Anything will work, really. Often good critters in the grungy stuff, bit coralline on the DT stuff. Get a bit of both if you can, pit the grunge in the sump/refugium, and the nice stuff in the DT. But really, anything will work, just get whatever is cheap. But don't get it from Big Al's. Try SUM or NAFB instead.


----------



## ninjaturtle (Apr 12, 2011)

what kind of live rock is SUM selling and how much are they priced at?

my friend told me there's a piece that is about 6 inches long and 2 inches wide and looks like a "Y" and has about... 4 zoanthid polyps on it? $5 for the piece, is this a good piece?

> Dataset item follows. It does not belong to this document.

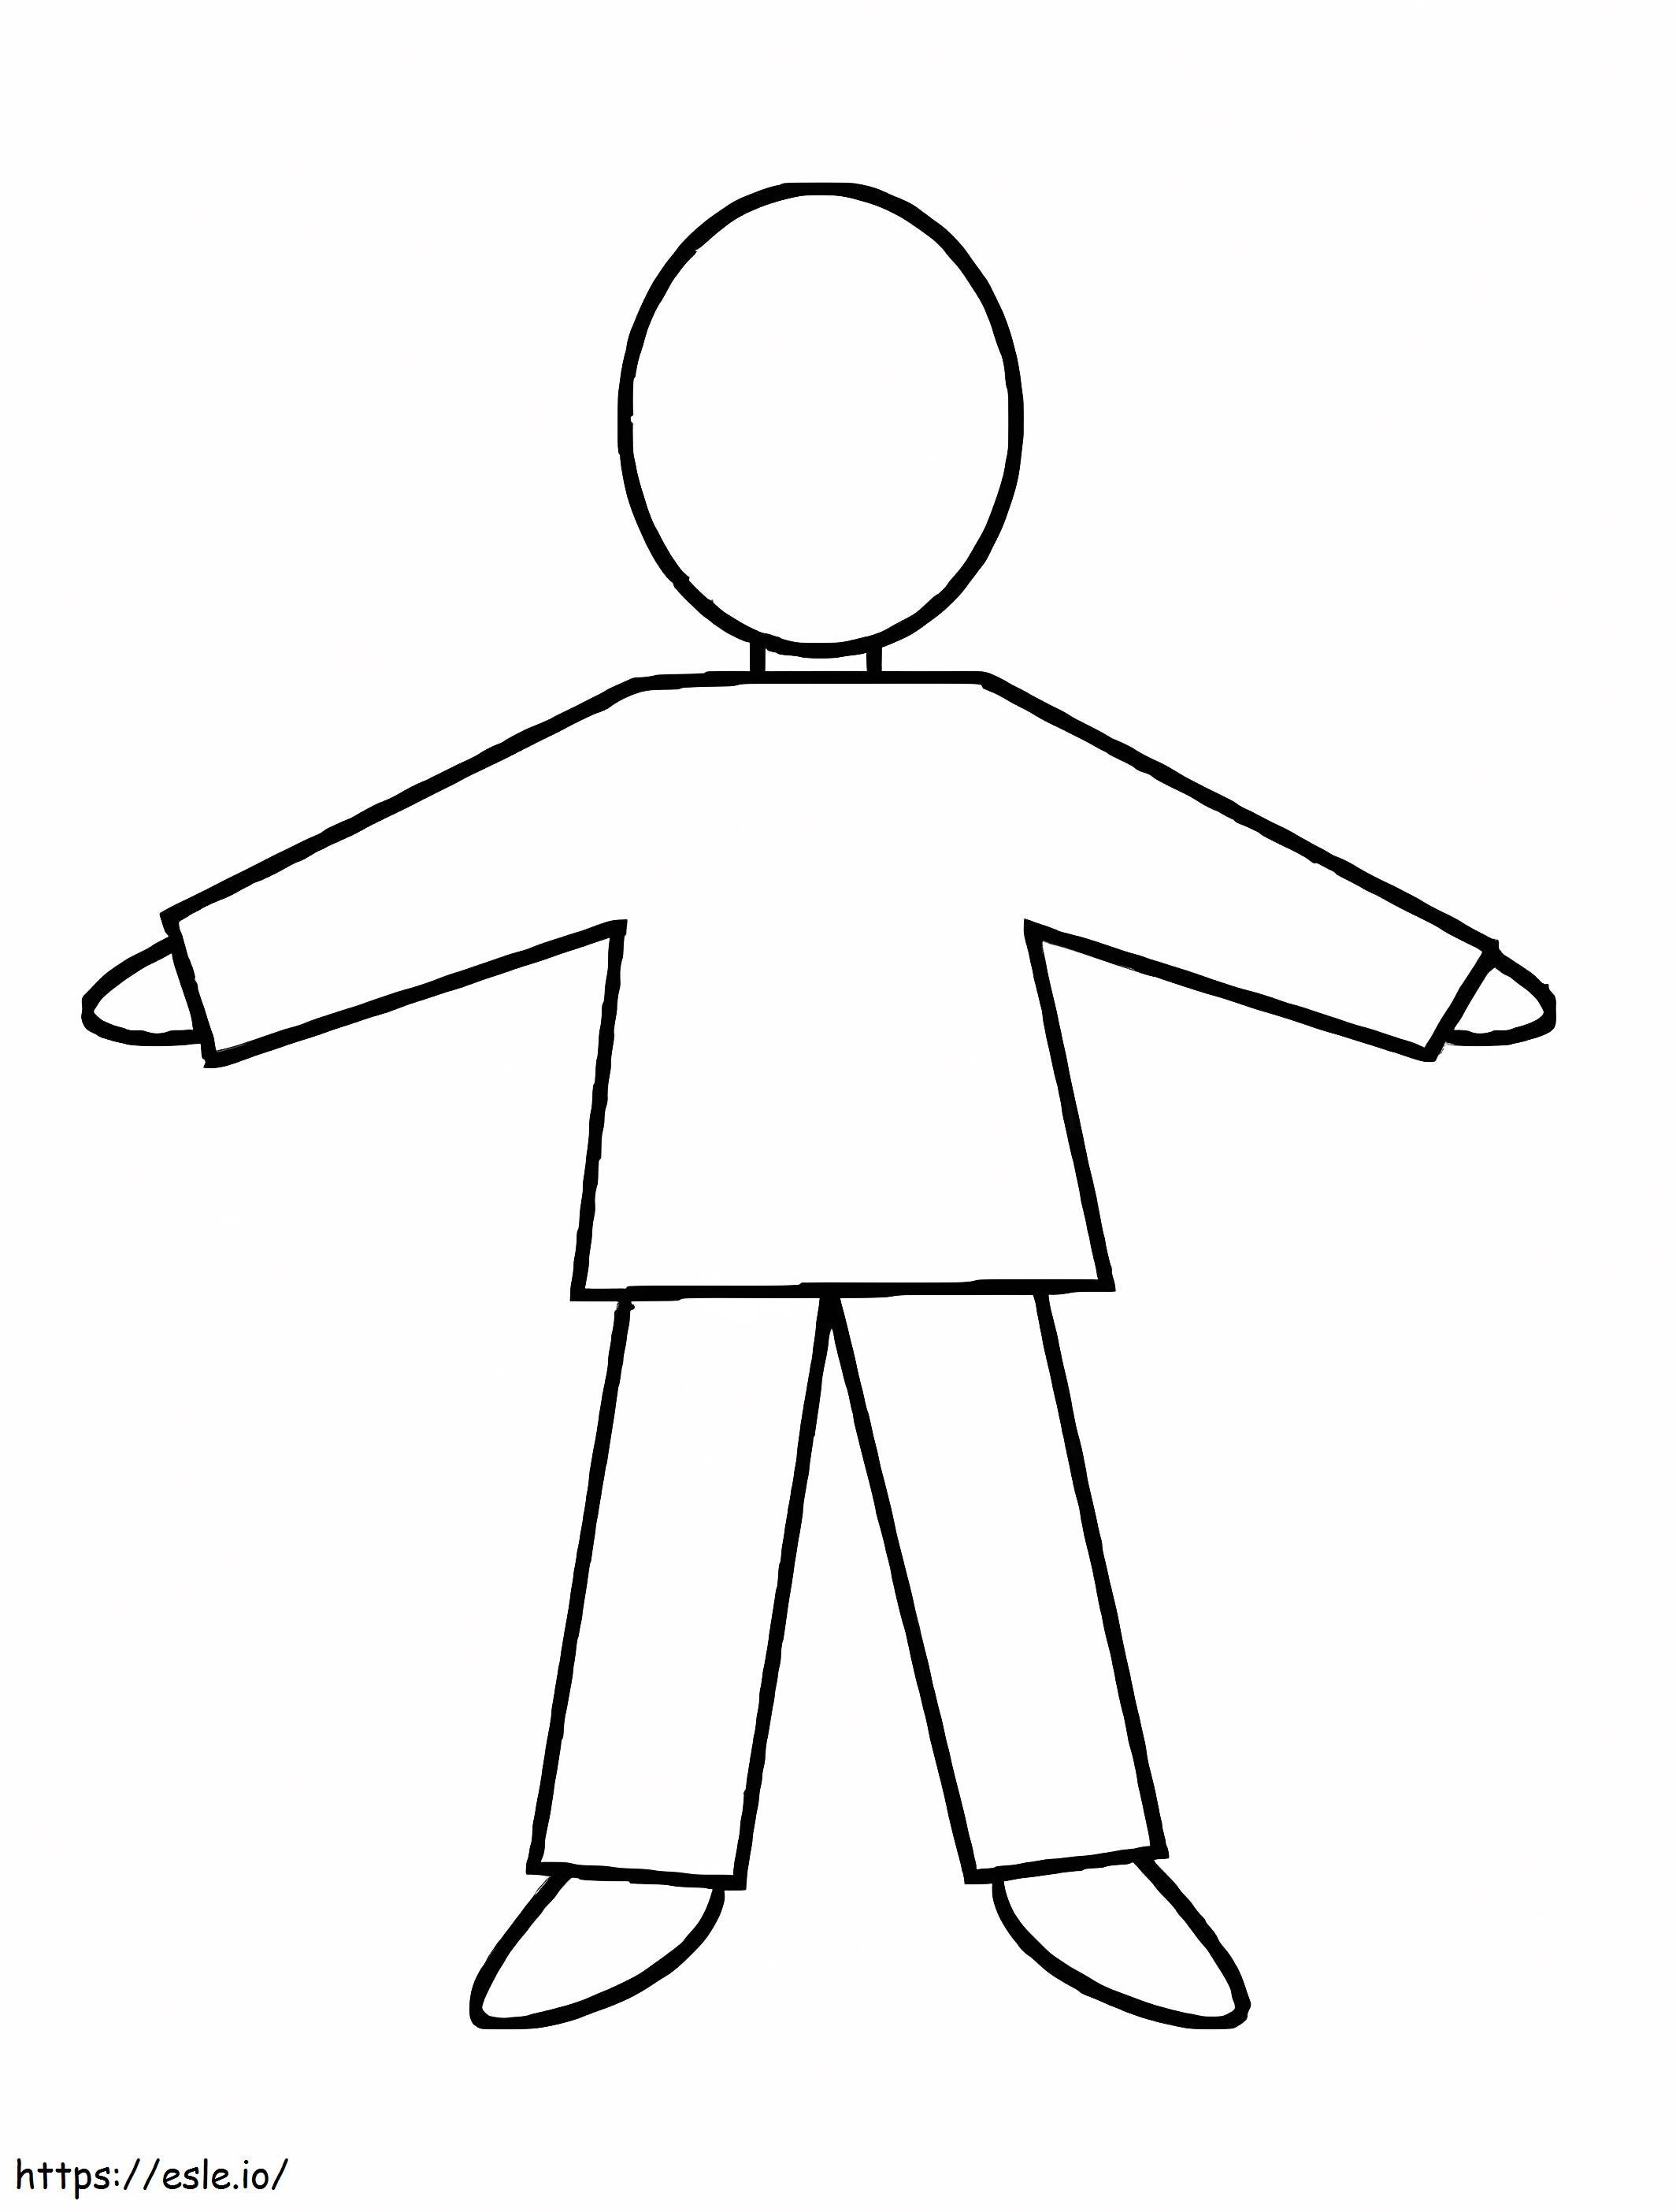 Normal Person Scheme coloring page

its not his but he saw it at a lfs


----------



## szuwar (Nov 26, 2009)

Just come to my place I'll give you one for free with tons off critters and the good stuff, that's what the hobby is all about


----------



## ninjaturtle (Apr 12, 2011)

frustration is in the air!

ive been trying to stack my rockwork... but anyway i do it it just seems to be missing somethings... ive given up after like 2 hours... lol

anyone got any advice for stacking rocks? small pieces top or bot? flat pieces top or bot? what shapes? cover whole back? stack them in the centre?

aRRGGGG


----------



## 50seven (Feb 14, 2010)

Try taking the rocks out and build your basic structure on a table and use epoxy and bits of rubble to shim up the rocks so they fit nicely together. You can do this in the water too, its just a challenge to work in sometimes. 

Try not doing it late at night when you are tired. I did that before and went to bed wishing I had never got started in this hobby...


----------



## ninjaturtle (Apr 12, 2011)

yea im doing it out of water but in the tank...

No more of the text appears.